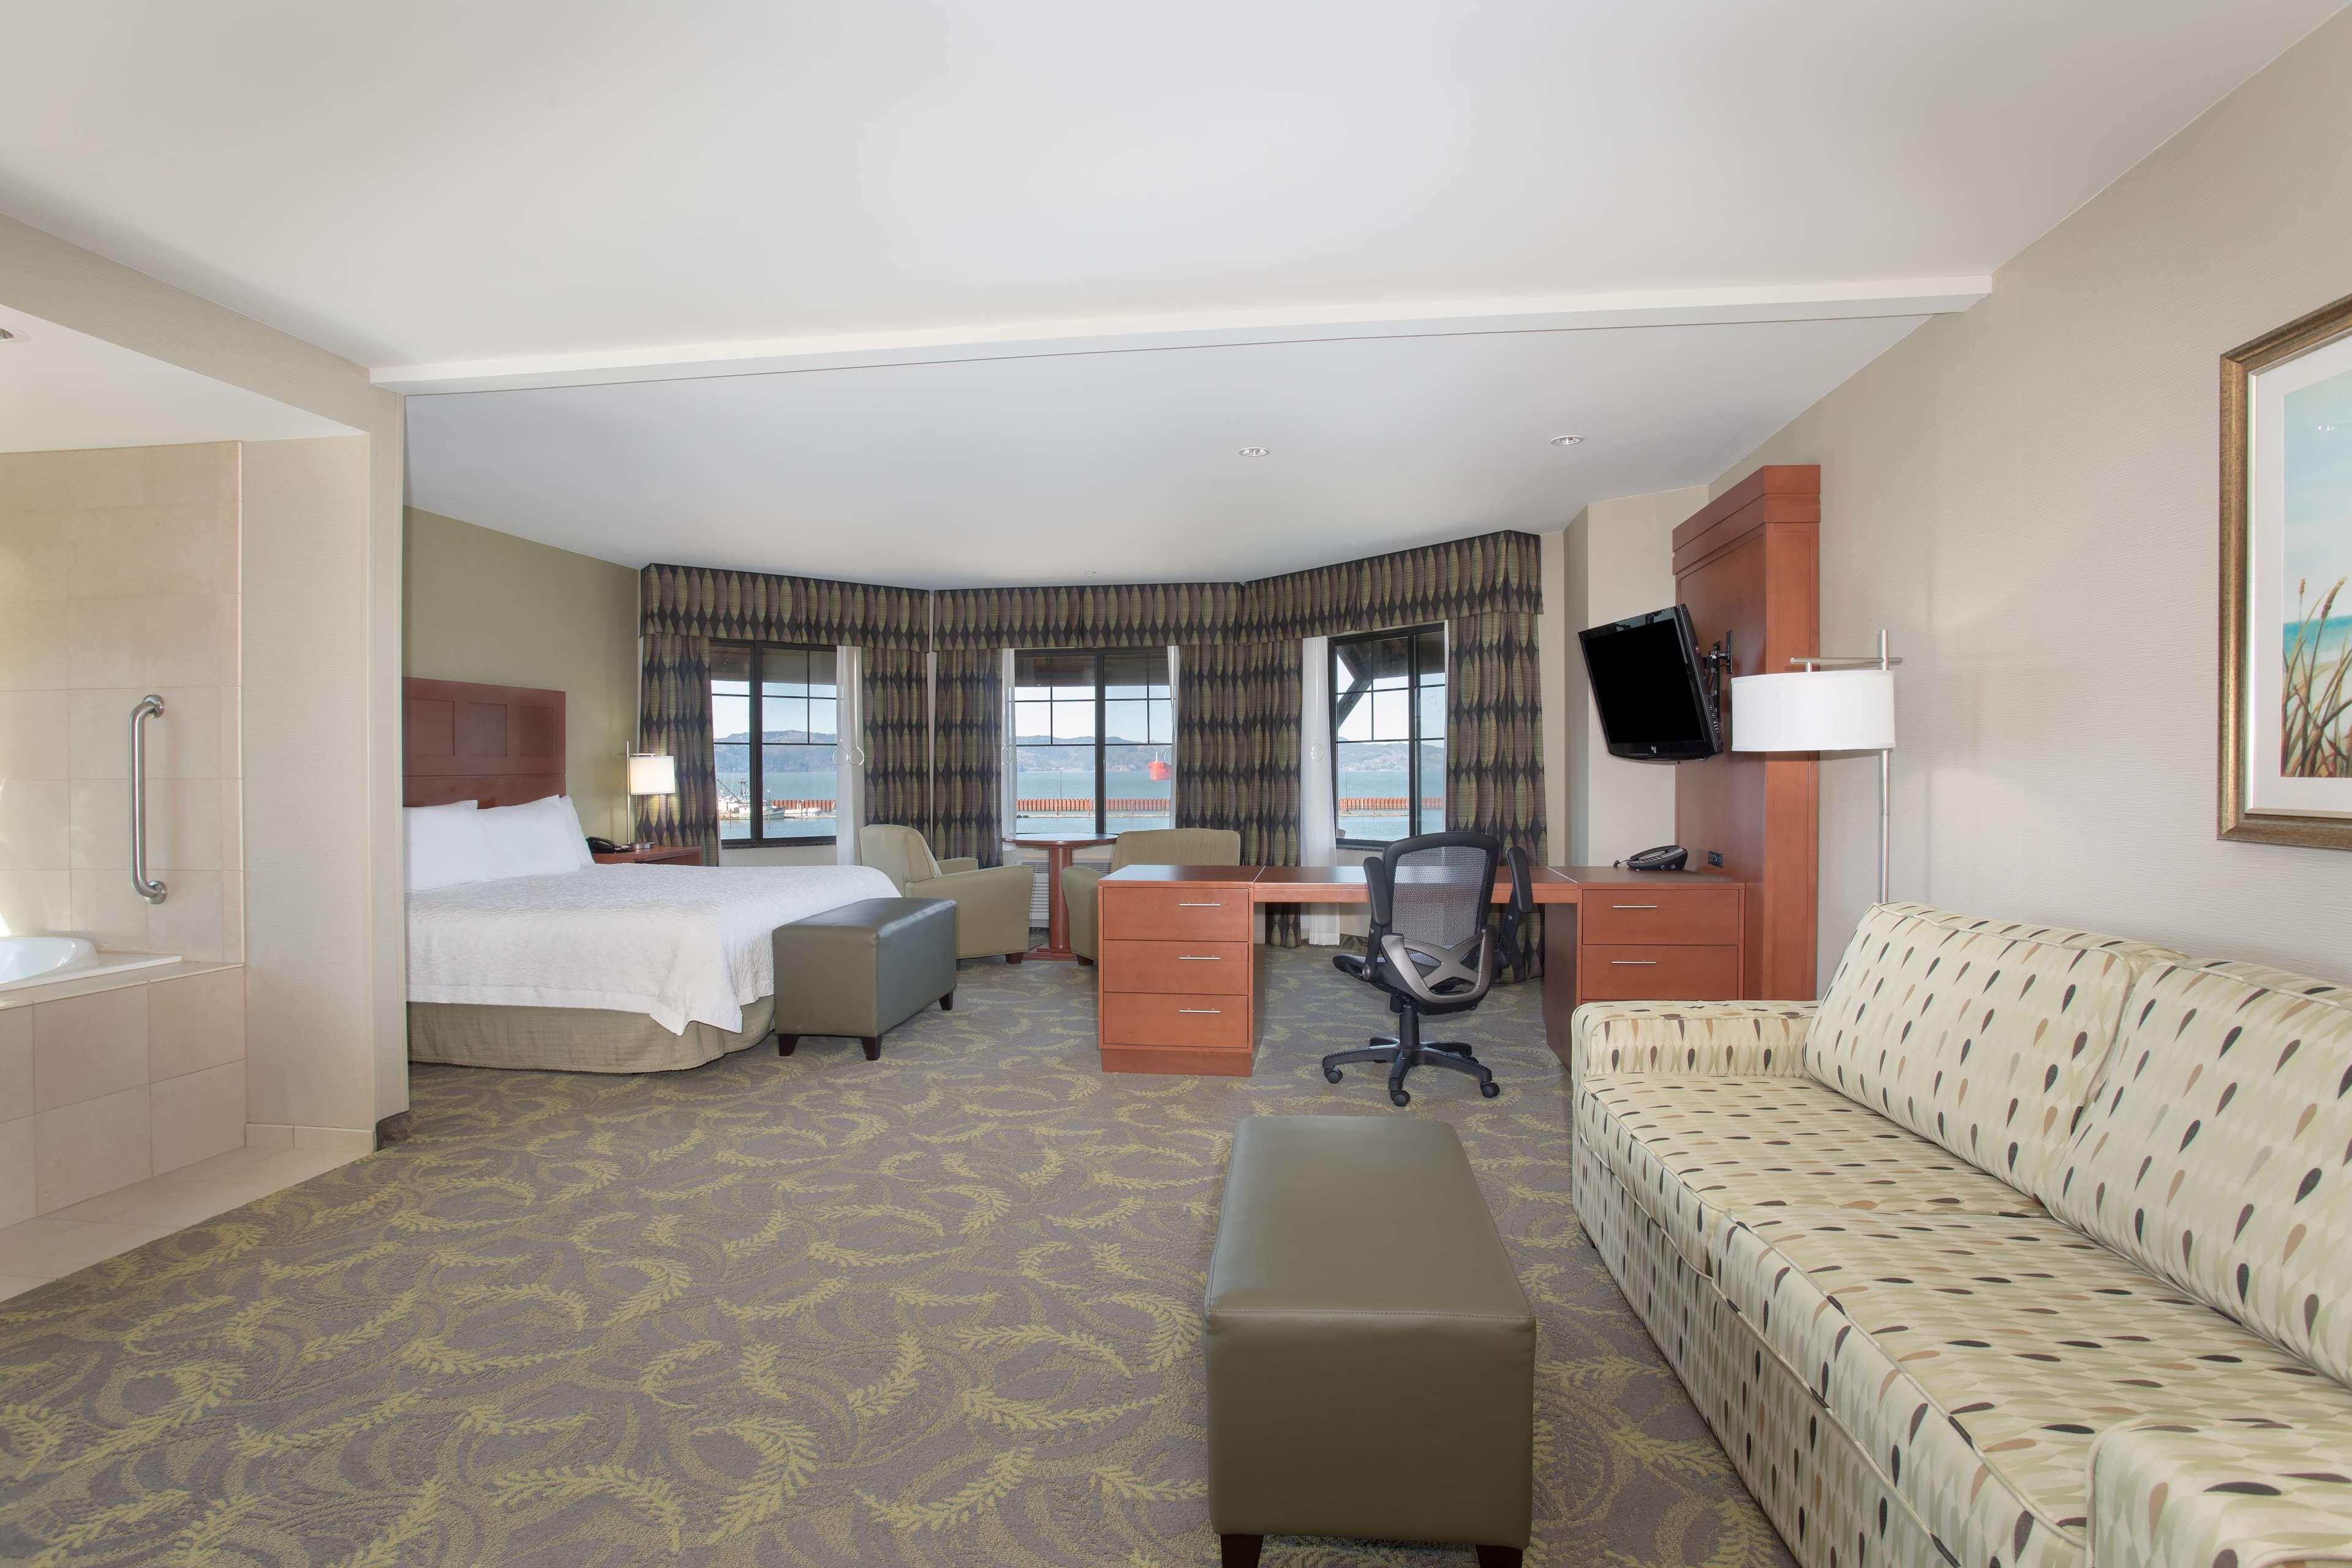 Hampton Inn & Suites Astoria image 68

══════

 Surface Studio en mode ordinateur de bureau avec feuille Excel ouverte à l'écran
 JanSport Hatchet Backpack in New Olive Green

══════

All that is wanted is an exact copy of the lines above from the one with "Surface Studio en" through the one with "JanSport Hatchet Backpack in New Olive Green", with both ends included.

**Output for this exercise**
 Surface Studio en mode ordinateur de bureau avec feuille Excel ouverte à l'écran
 JanSport Hatchet Backpack in New Olive Green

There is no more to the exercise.